My question is: why $n < p$ results in not a positive-definite covariance matrix?
(By the way I want to use this data in a Factor Analysis model. Do you have any idea about Matlab code implementing a standard Factor Analysis for this kind of data when $n < p$?)
This result is a direct, simple consequence of the fact that the rank of the $p\times p$ matrix $X^\prime X$ cannot be any greater than the smaller of $n$ and $p$, which is strictly less than $p$ in this case. That makes the $p\times p$ matrix $X^\prime X$ singular, which is equivalent to the existence of a nonzero $x$ for which $X^\prime X x = 0$. Consequently $$x^\prime X^\prime X x = x 0 = 0$$ demonstrates that $X^\prime X$ is indefinite.
Although I referenced $X$ in this argument, the column-centered version of $X$ that is used in computing the covariance matrix also has dimensions $n\times p$, so the same conclusions apply to it.
The rank of a matrix $X$ is the dimension of its image, defined to be the set of all $Xx$ as $x$ ranges among all possible vectors.
The column-centered version of a matrix is obtained by subtracting the arithmetic mean of each column from the entries in that column.

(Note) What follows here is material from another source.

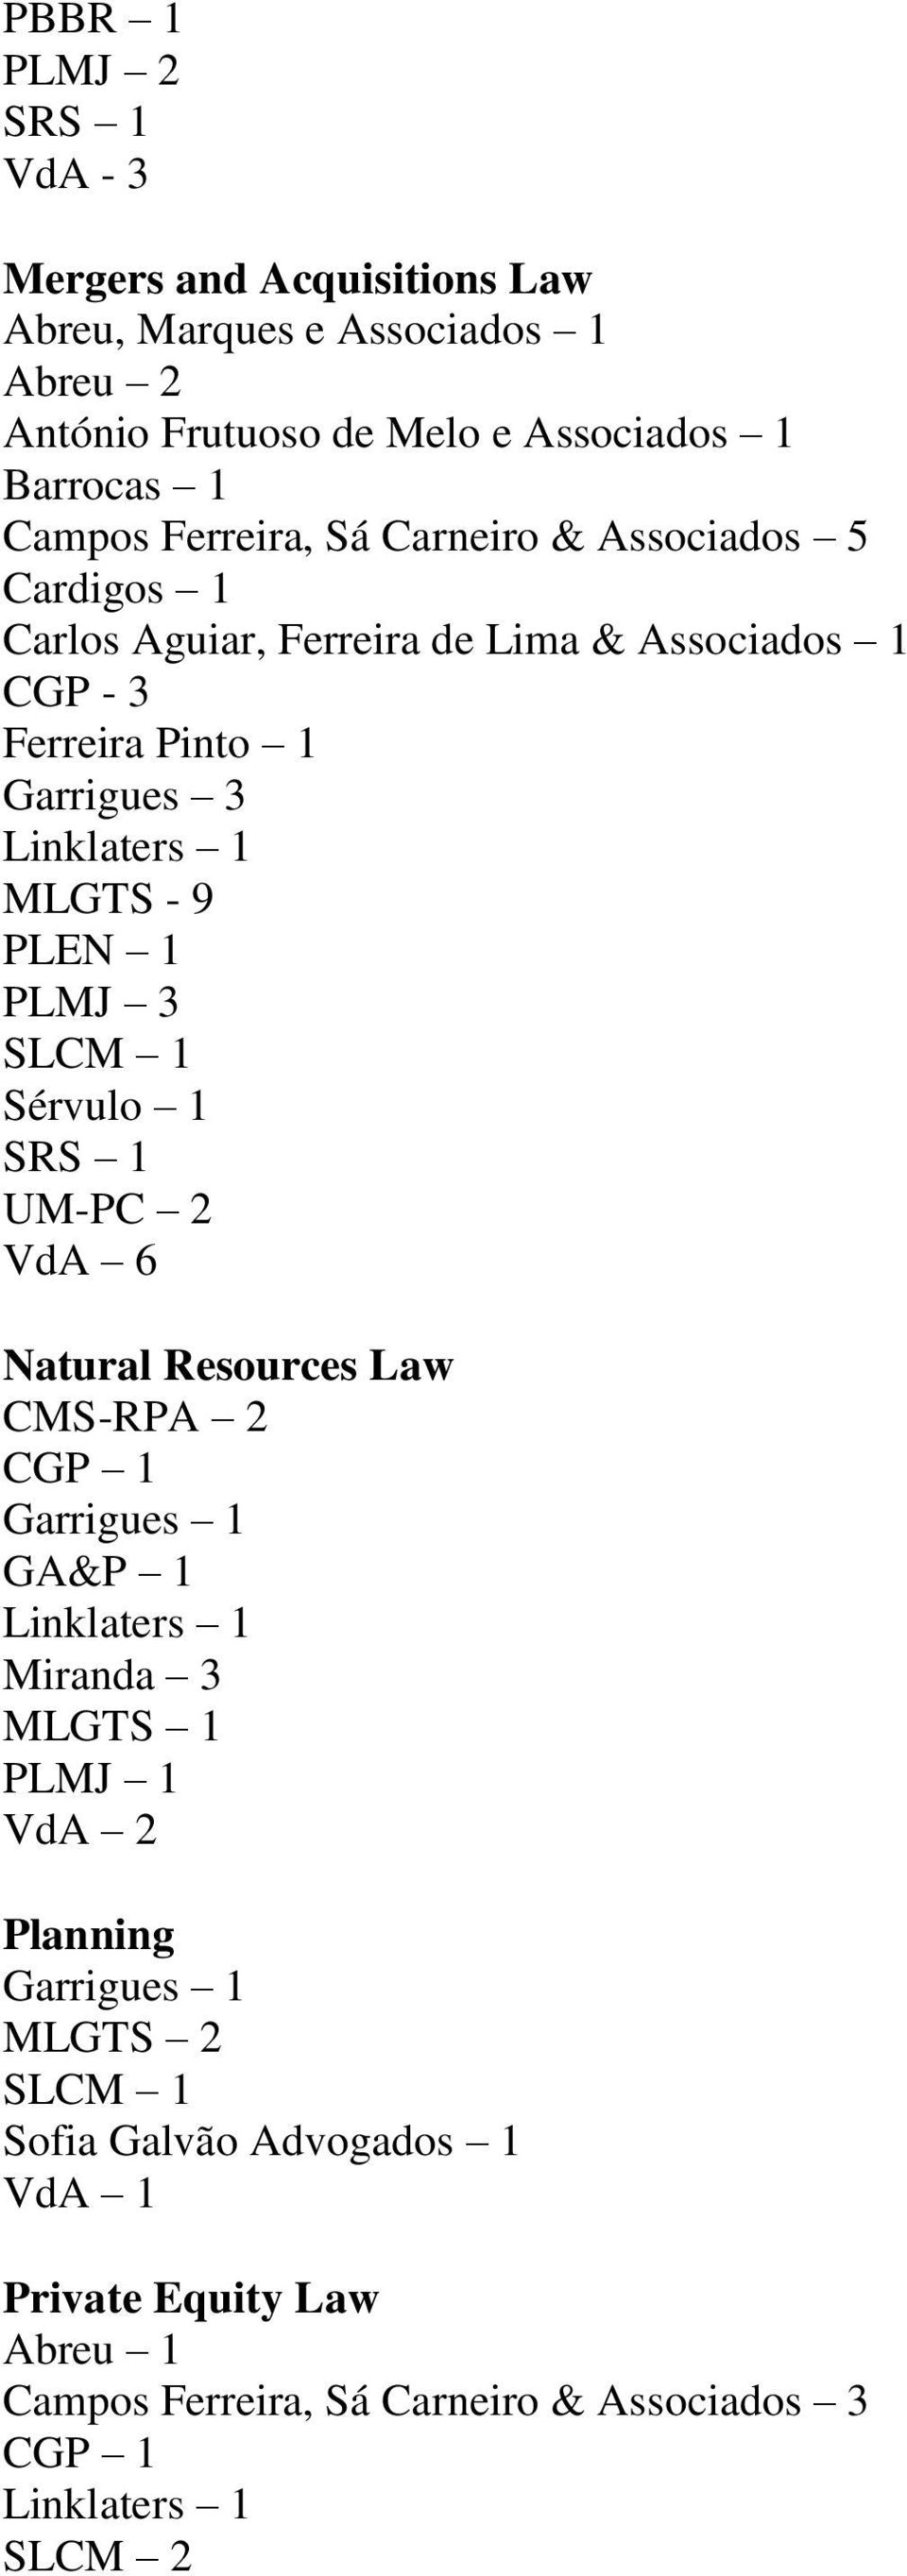 Pinto 1 Garrigues 3 MLGTS - 9 PLEN 1 PLMJ 3 SLCM 1 VdA 6 Natural Resources Law Miranda 3 PLMJ 1 VdA 2

The covariance matrix of $X$ is proportional to $Y^\prime Y$ where $Y$ is the column-centered version of $X$. (Depending on convention, the factor of proportionality is $1/n$ or $1/(n-1)$.)
A square matrix $A$ is singular when it has no multiplicative inverse. Equivalently, there is a nonzero vector $x$ for which $Ax=0$. ($A$ has a nontrivial kernel.) Equivalently, the rank of $A$ is strictly less than the dimension of its image space (equal to the number of rows of $A$).
A square matrix $A$ is semi-definite when all numbers of the form $x^\prime A x$ have the same sign (or are zero), regardless of what the vector $x$ might be. According to the sign, $A$ would be called negative semi-definite or positive semi-definite.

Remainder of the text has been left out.